The system enforces the vocabulary, not the workflow. Real PM work is messy: PMs have intuitions, hear things off-the-record from execs, and inherit claims with no clear pedigree. Those are legitimate inputs. The brain just makes them wear their actual provenance instead of laundering them through a fake ingestion/ record. The auditability promise is "every claim wears its source," not "every claim was synthesized."

A path-typed tag walks (in two clicks) from a decision back to a source/ artifact. A non-path tag tells you honestly that no artifact exists. Both are auditable; only the missing tag is a bug.

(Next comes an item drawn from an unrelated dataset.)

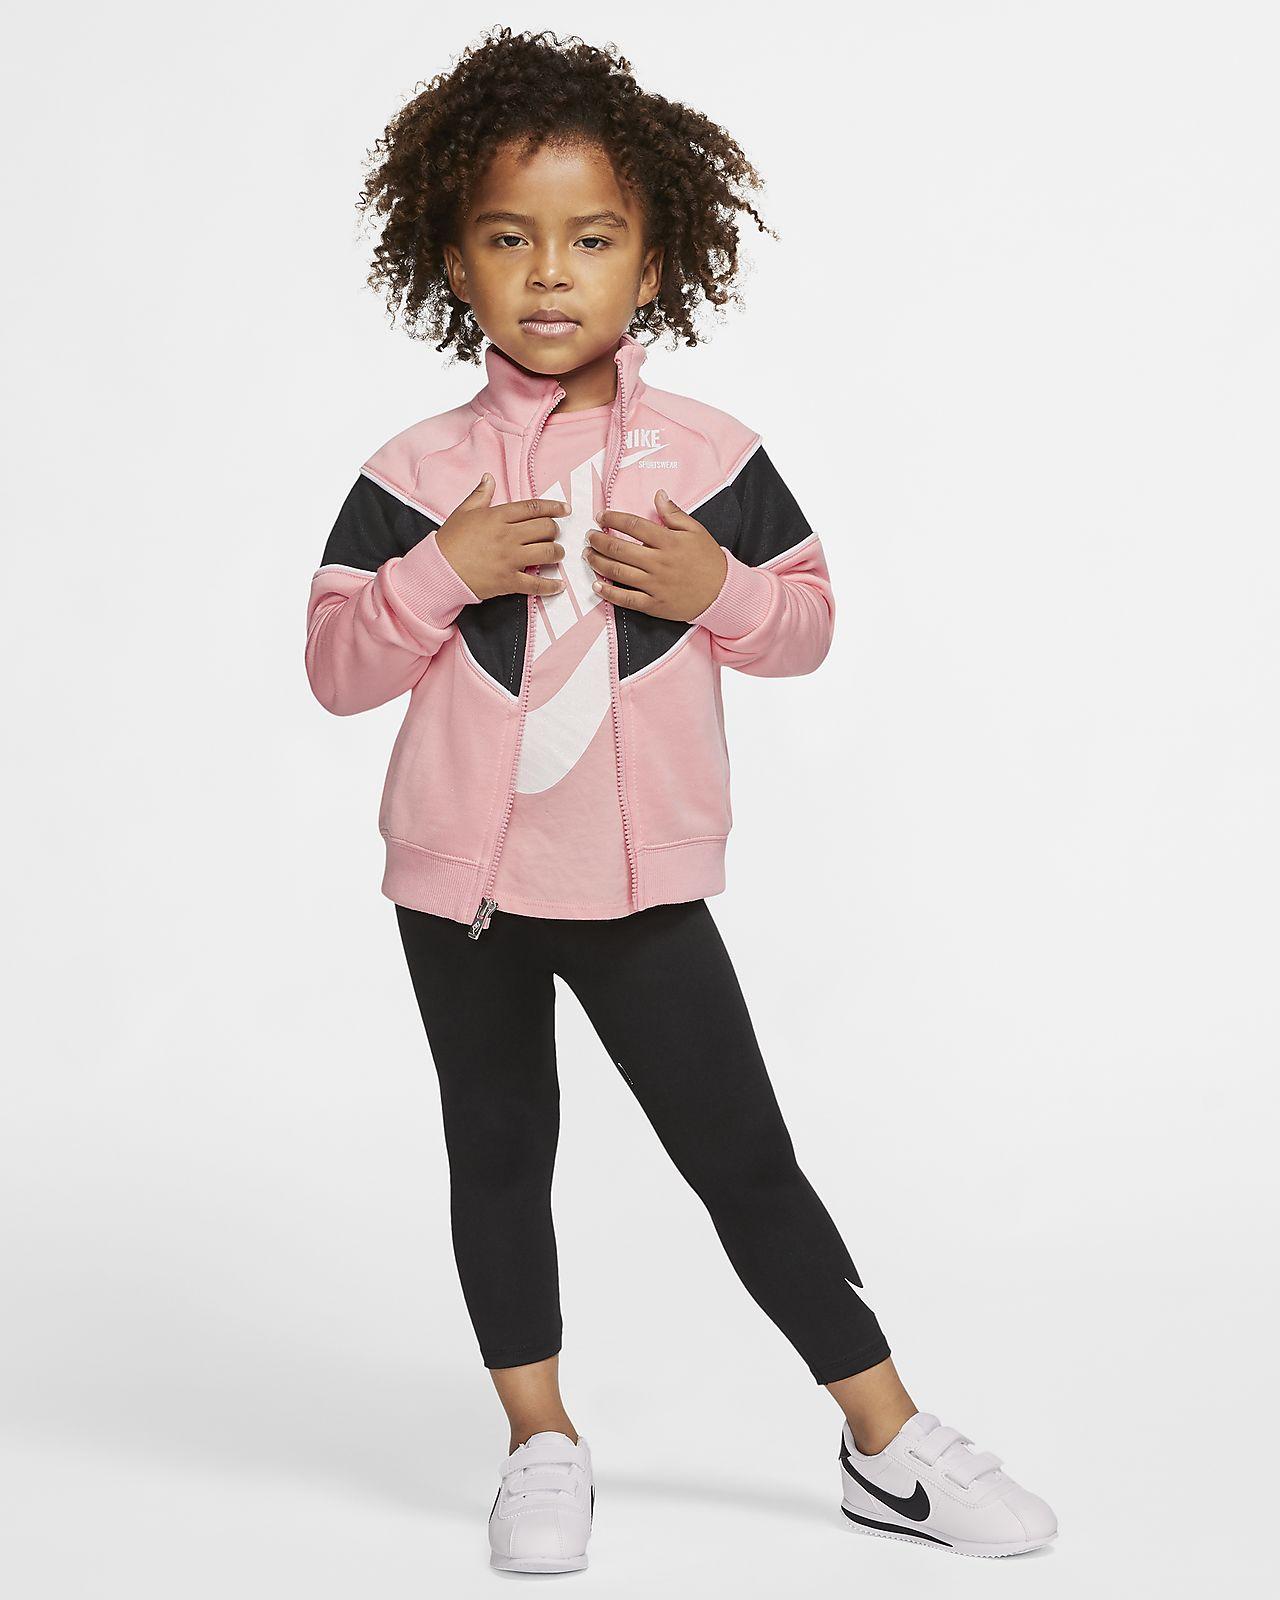 Nike Sportswear Toddler Full Zip Jacket

The hypothesis / decision split

This is the load-bearing distinction.

Hypotheses are bets being tested. Feature-scoped. Each file has the 5 risk areas as sections (value, usability, feasibility, viability, and "other" for the ones that don't fit the canonical four: regulatory, partnership, and so on). Each hypothesis has evidence-for, evidence-against, confidence, a test, and a decision trigger.

Decisions are commitments made. Append-only log. Every shipped feature has at least one. Every decision has a "what would reverse this" field, which is the most useful field a decision record can have.

When a hypothesis is confirmed, it gets promoted and a decision record is auto-drafted (status: pending, waiting for PM sign-off). When a decision's "what would reverse this" condition triggers, the maintenance sweep surfaces it.

Most systems mash these together. They become useless.

What survives sessions

The operating manual (CLAUDE.md) and the durable layer. Not the chat history. Not the agent's working memory. Not whatever model you happened to use that week.

The portability test: clone the repo to a fresh machine, open Claude Code, ask "what's the current state of feature X?". If the answer comes from files (not chat history), the system is doing its job.